**What you will do**
Give the data again word for word; drop the pictures.

**Recorded data**
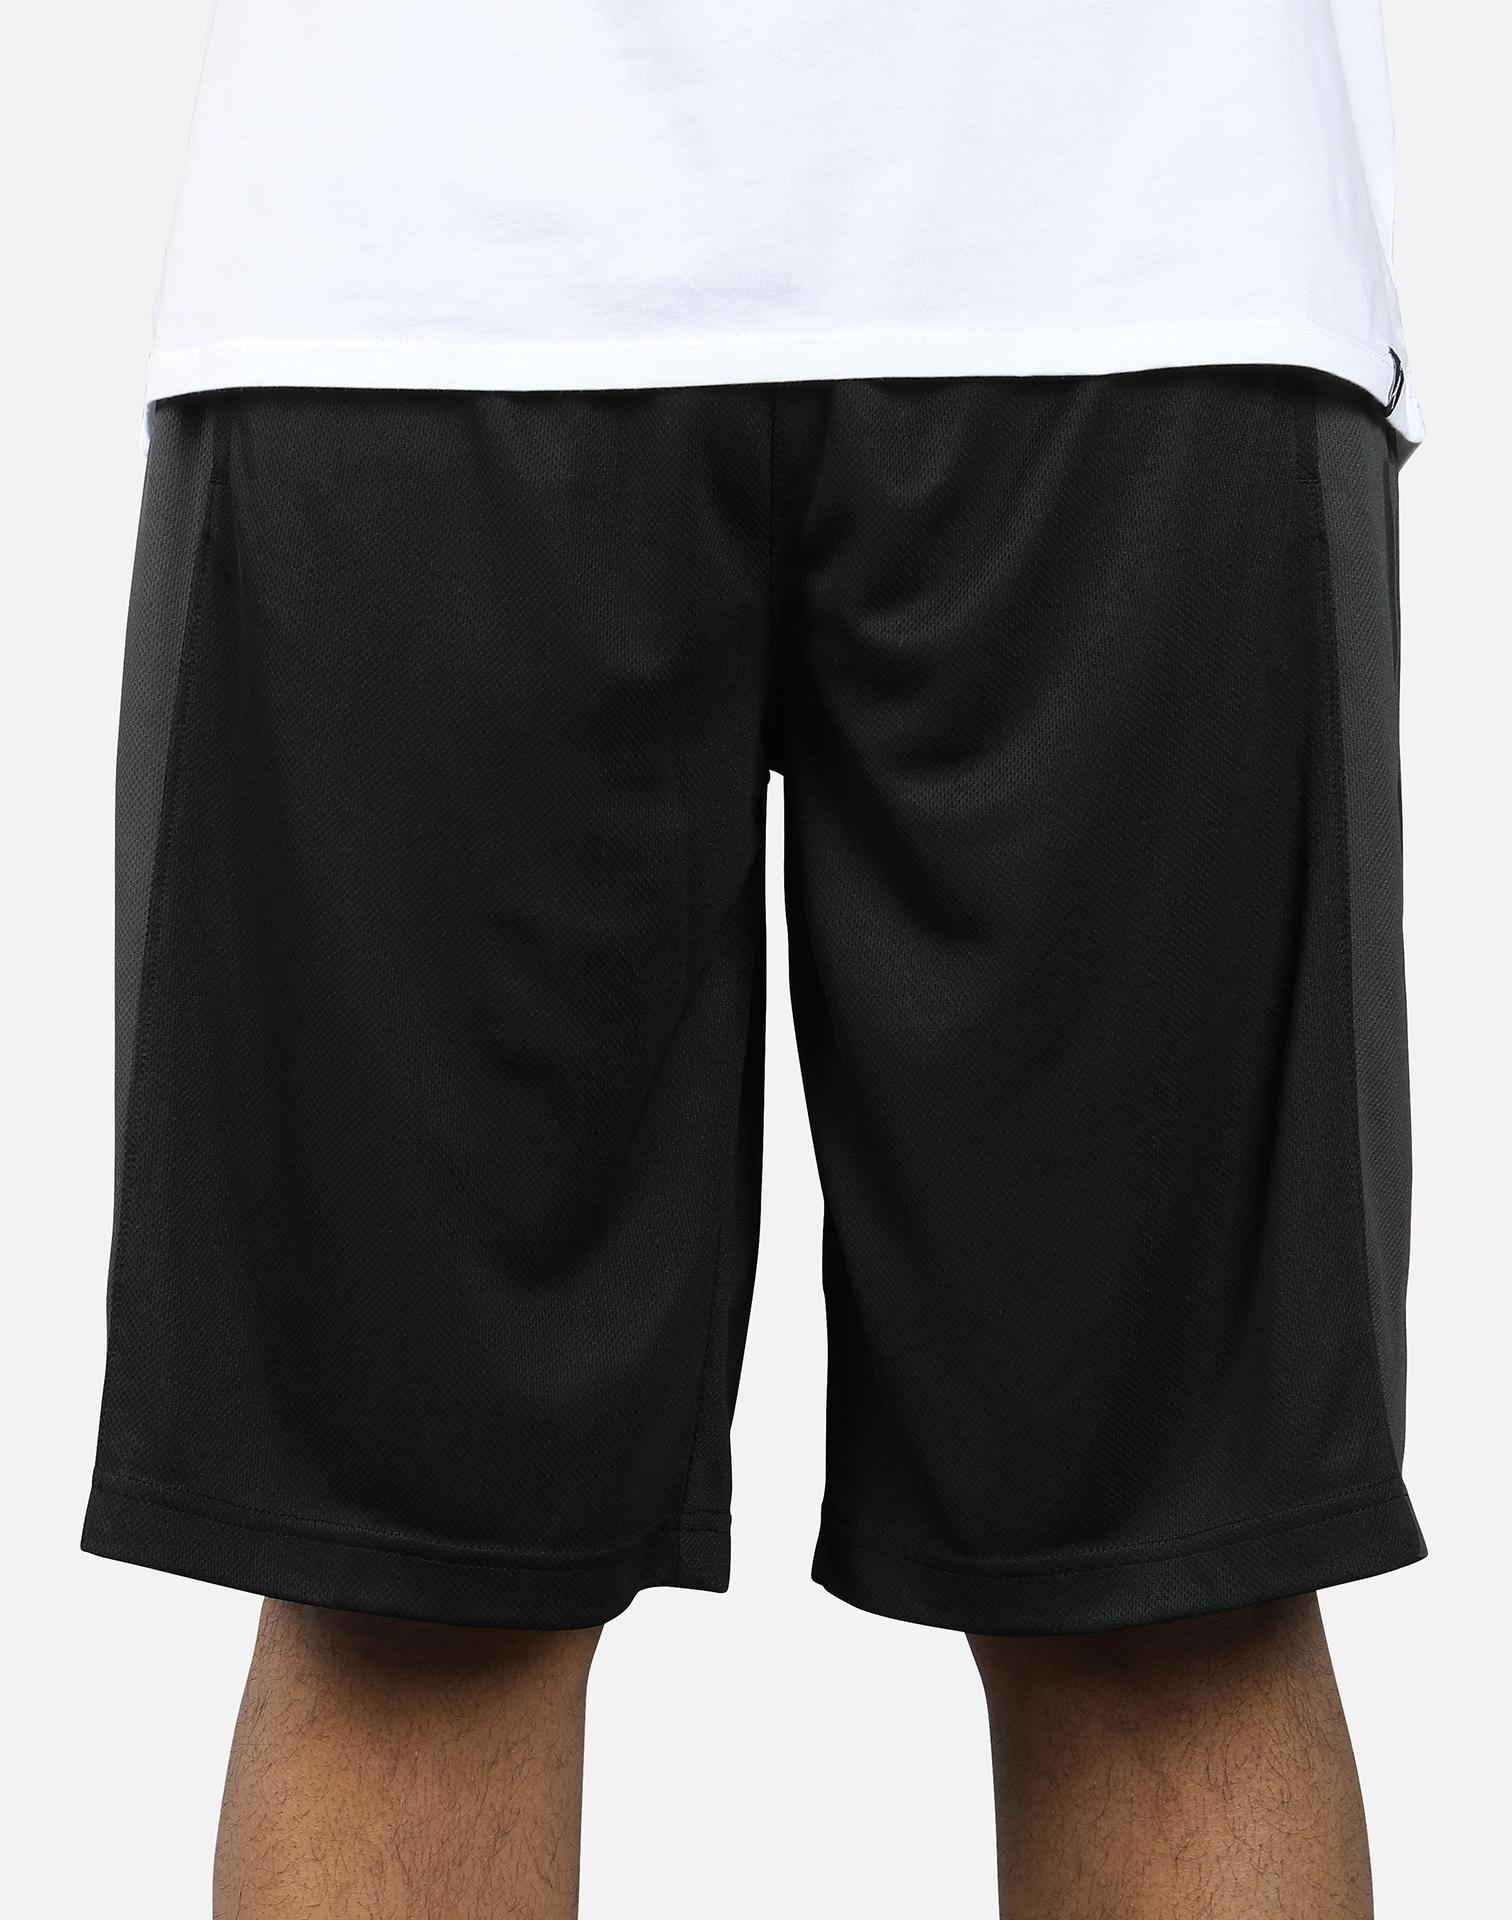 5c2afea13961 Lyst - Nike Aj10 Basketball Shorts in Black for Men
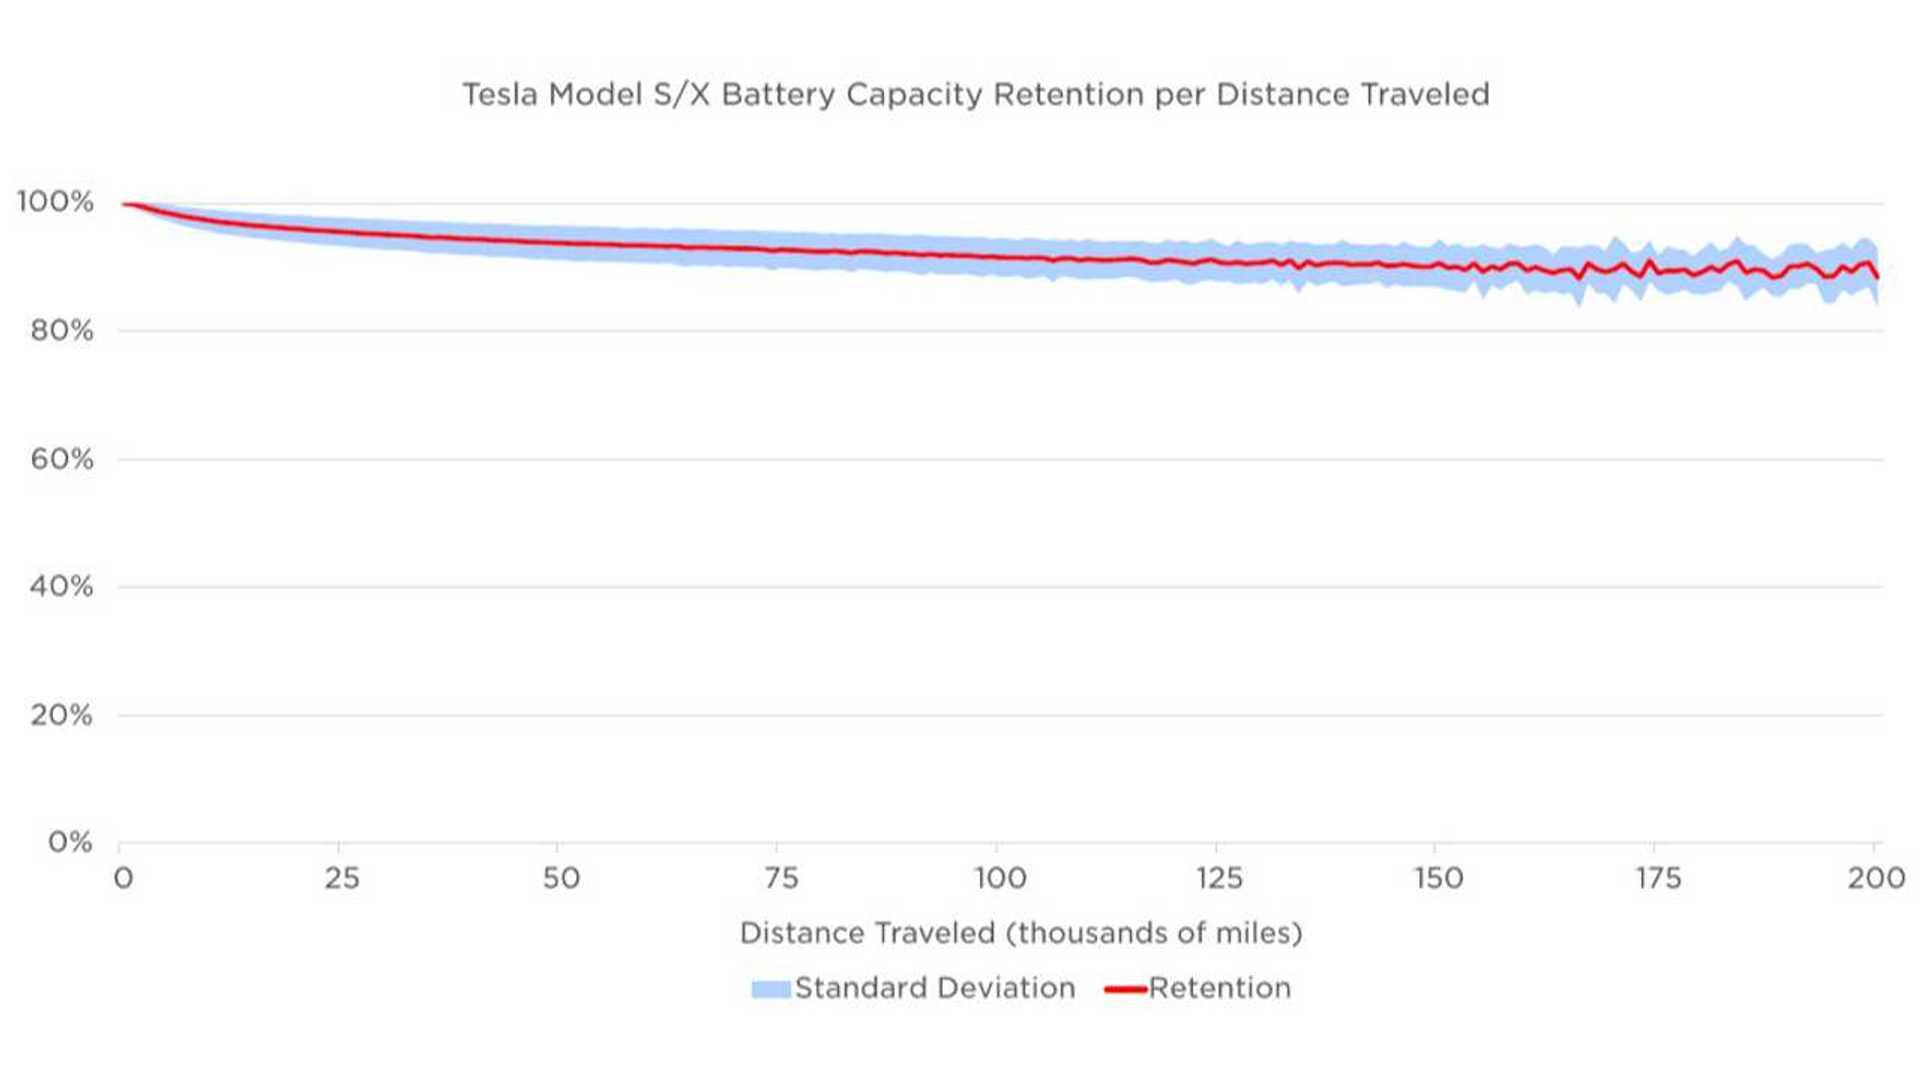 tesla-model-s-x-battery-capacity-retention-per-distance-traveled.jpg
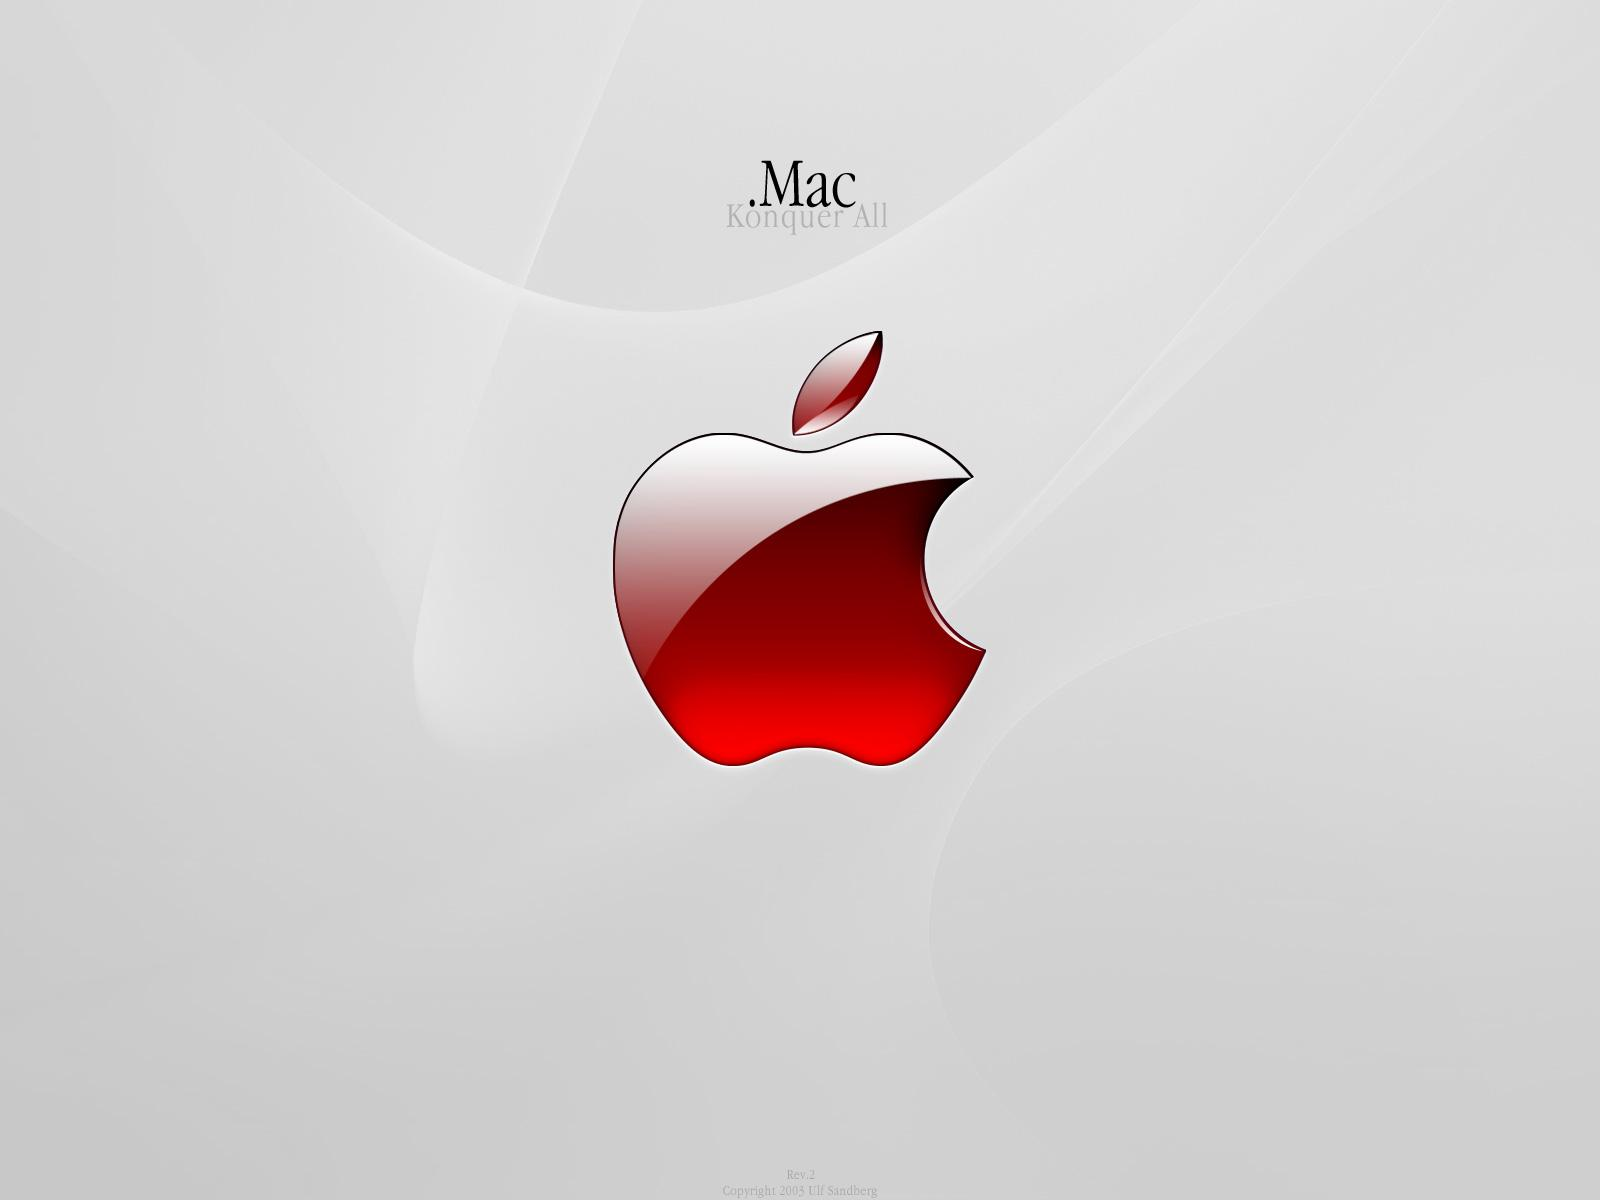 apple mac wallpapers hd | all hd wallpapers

**Exercise solution**
 5c2afea13961 Lyst - Nike Aj10 Basketball Shorts in Black for Men
 tesla-model-s-x-battery-capacity-retention-per-distance-traveled.jpg
 apple mac wallpapers hd | all hd wallpapers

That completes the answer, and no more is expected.